The successful employment of an RNAi-based gene knockdown technique depends on the proper design or selection of the siRNAs, and the adoption of an effective strategy to deliver the siRNAs to the target cells or tissues (4,9). The purpose of designing siRNAs is to choose from a large number of candidate siRNA sites the ones likely to achieve high potency/efficacy and good specificity (against off-target activity). A properly devised delivery system (using, e.g. viral or non-viral vectors, conjugates, cationic liposomes, or complexes with peptides, polymers, antibodies and aptamers) helps to improve the stability of the siRNA agent, and reduce or eliminate the innate immune response and/or other harmful side-effects induced by the siRNA agent (5,7,10).

The issue of how to design siRNAs that produce high efficacy is the focus of a large body of recent research work [see recent reviews, e.g. (11–16)]. Since it was discovered that not all siRNAs are equally potent in their ability to silence the gene products (17), a series of studies have pointed to a large number of ‘features’ that might be correlated to the higher efficacy of RNAi experiments. These features can be roughly classified into three categories. The first category are sequence features, including direct sequence features which are defined based on the nucleotide identity in particular positions of the siRNA, e.g. the 6th nucleotide of the siRNA sequence is a ‘A’ (18,19), and sequence-derived features, e.g. the G/C content of the siRNA is between 30% and 52% (20), and there are no occurrences of more than three identical nucleotides in consecutive positions (21,22). The second category include features defined based on the thermodynamics of the siRNA, e.g. the binding energy in the n7-n11 region is between –1.97 and –1.65 kcal/mol (23), and features surrounding the concept of siRNA duplex terminal asymmetry, e.g. the difference in binding energy between the n16–n19 region and n1–n4 region is greater than 1 kcal/mol (24). The third category of features are defined based on the target sites on the mRNA, including target location-related features, e.g. the target site is outside of the third quartile of the coding region of the mRNA (25), and features focusing on the target site accessibility (26,27), e.g. the local free energy of the most stable structure is greater than or equal to –20.9 kcal/mol (28). Moreover, recent studies suggested that factors related to experimental settings, e.g. the types of siRNA constructs (29,30), the types of cells used (30–34) as well as the methods applied in examining gene products (35) might also influence the efficacy of the RNAi experiments.

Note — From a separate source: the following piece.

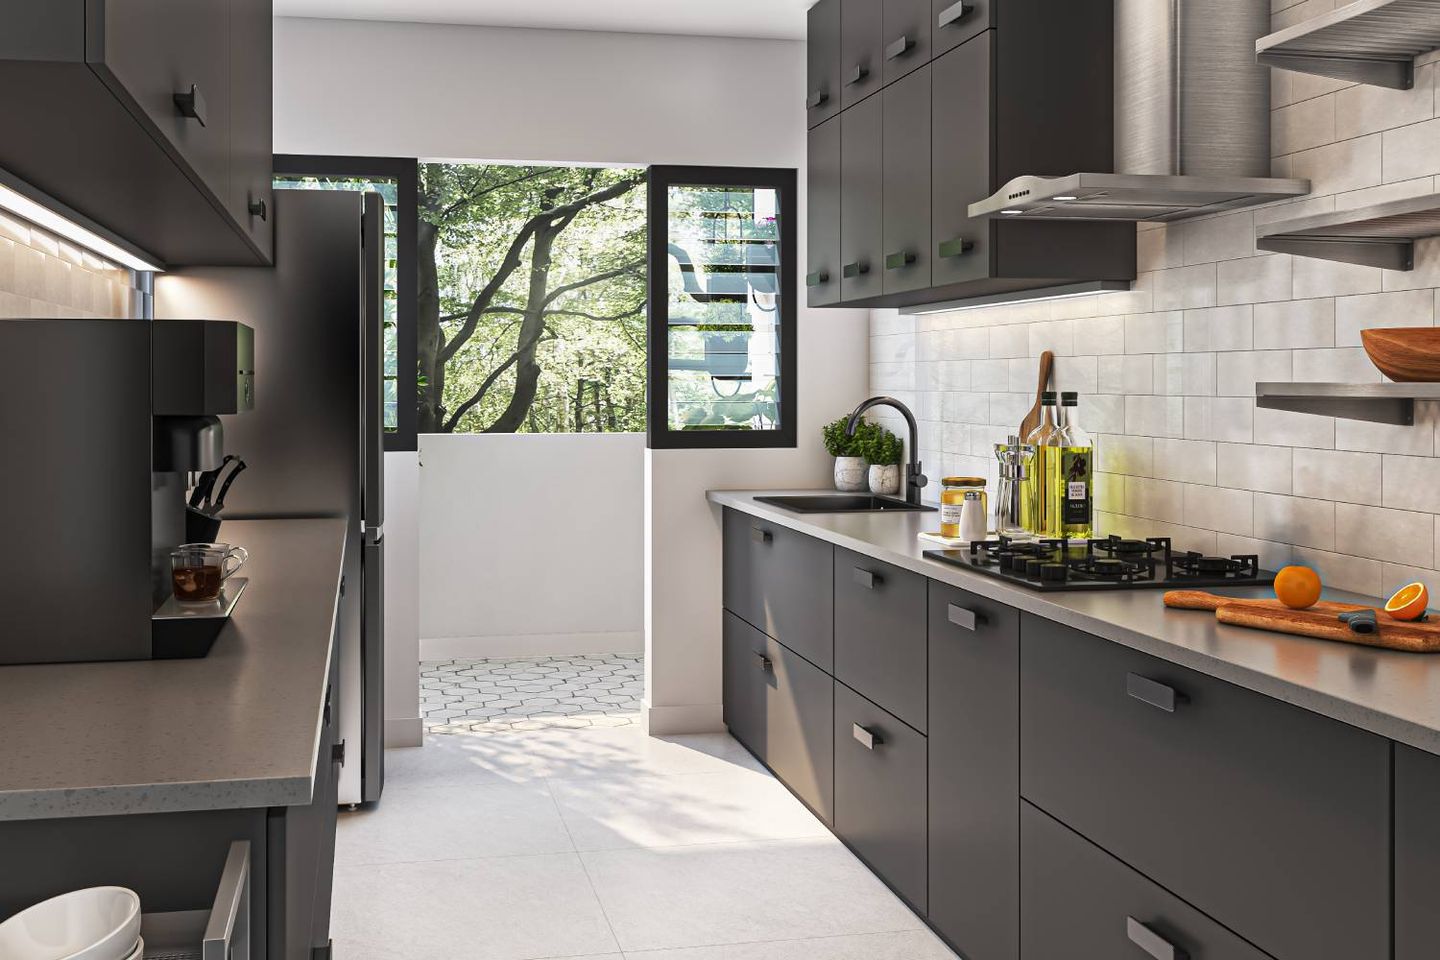 Parallel Kitchen Design With Black Storage Cabinets - Livspace
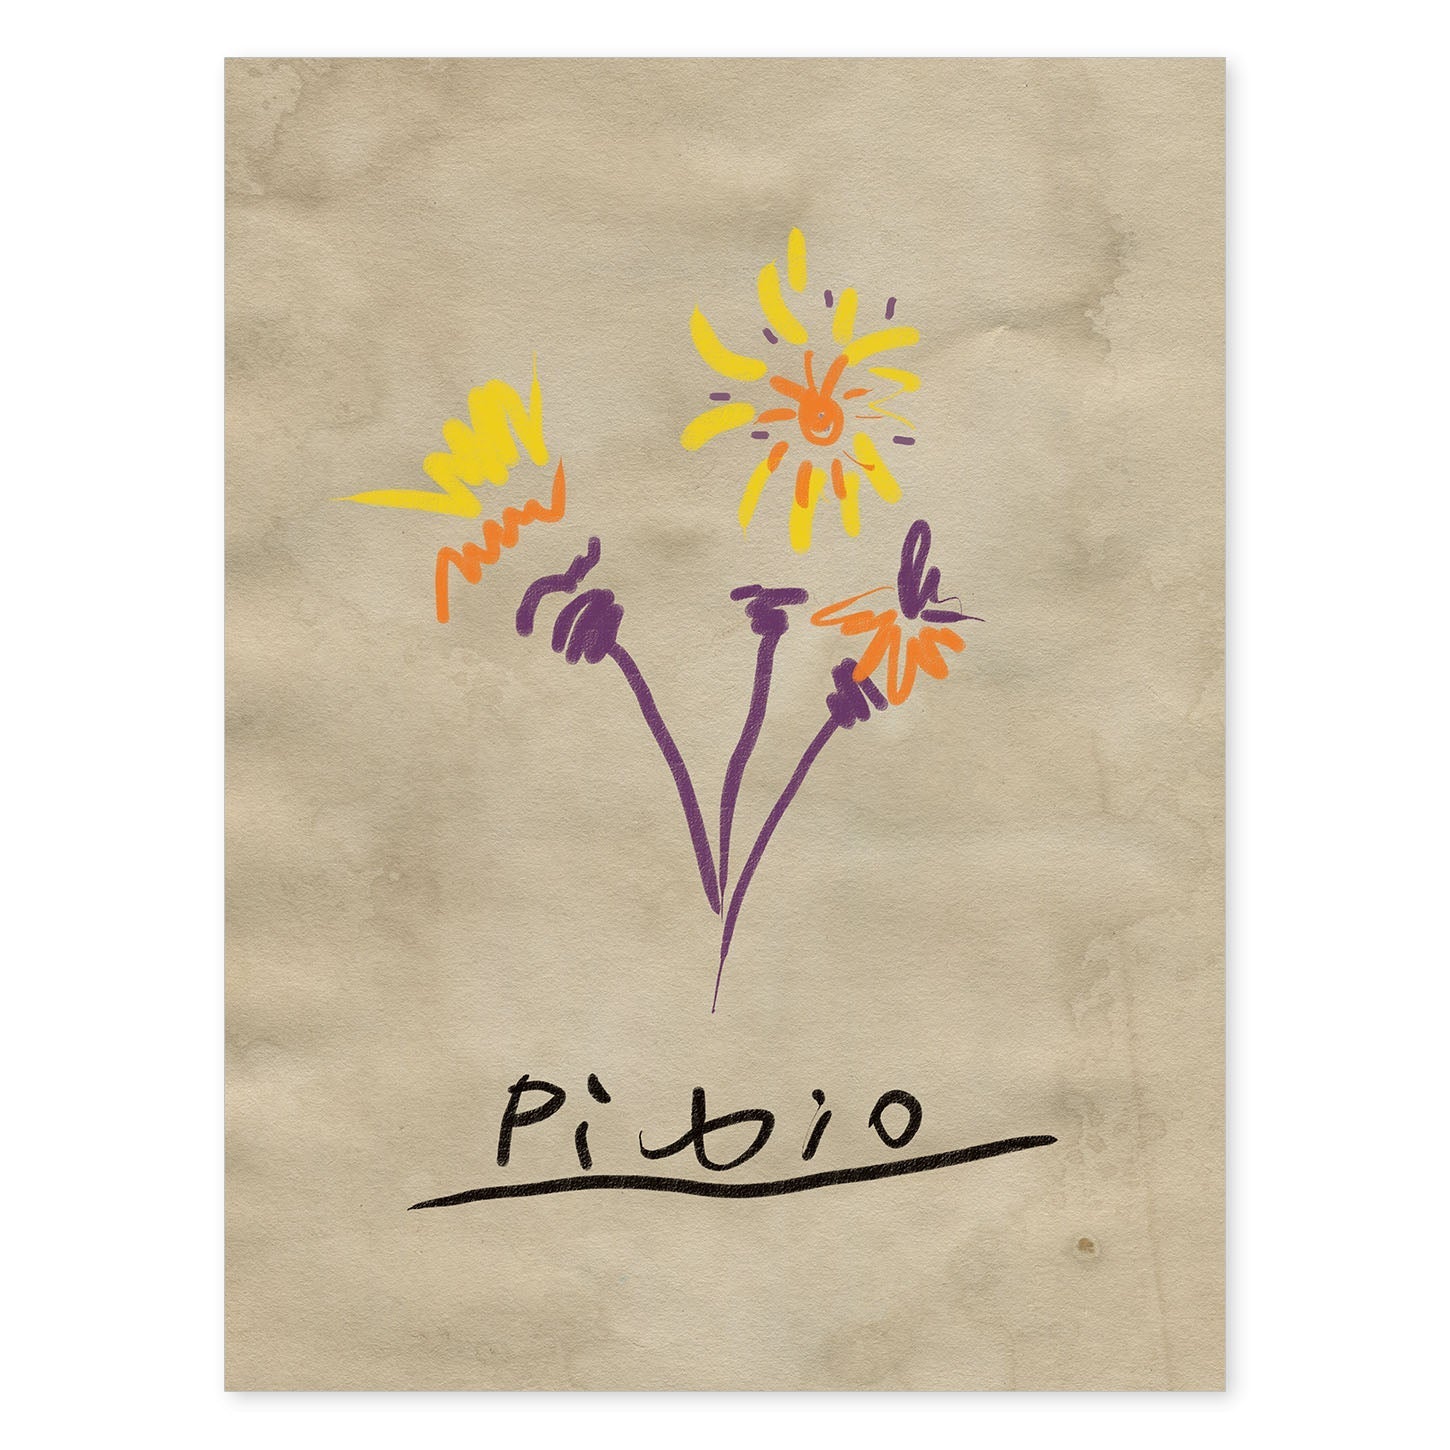 Lamina artistica decorativa con ilustración de Exposición Picasso 2-Artwork-Nacnic-A4-Sin marco-Nacnic Estudio SL

A number of siRNA design tools were established in which various combinations of these features were implemented [see recent reviews, e.g. (15,36)]. However, the controversy continues as for which of these features are truly helpful in selecting high-efficacy siRNAs. Meanwhile, it has been increasingly recognized that many earlier siRNA design studies suffered from the ‘overfitting’ problem (14,37,38)—a term commonly used in the machine learning field, referring to situations where, consequent upon excessive training of a classifier, the performance of the classifier becomes increasingly better on the training data, but worsens on testing data. The only practical way to overcome the overfitting problem is to make use of a large and diverse training dataset (which approximates the ultimate ‘testing data’—the general siRNA experimental practice as a whole) when investigating features or factors associated with the higher siRNA efficacy.

We present siRecords (http://siRecords.umn.edu/siRecords), an extensive database of mammalian RNAi experiments with consistent efficacy ratings. Because siRecords hosts the records of all kinds of siRNA experiments conducted with various laboratory techniques and experimental settings, it is a faithful representation of the general, diverse siRNA experimental practice. Recently, using a dataset compiled from siRecords, we analyzed a large number of reported features for their ability to improve RNAi effectiveness. Through carefully combining the most significant features, we derived a bundle of siRNA design rule sets (called the DRM rule sets) which were subsequently shown to outperform a number of established siRNA design tools in selecting effective siRNAs (14). This work demonstrated the usefulness of the siRecords database.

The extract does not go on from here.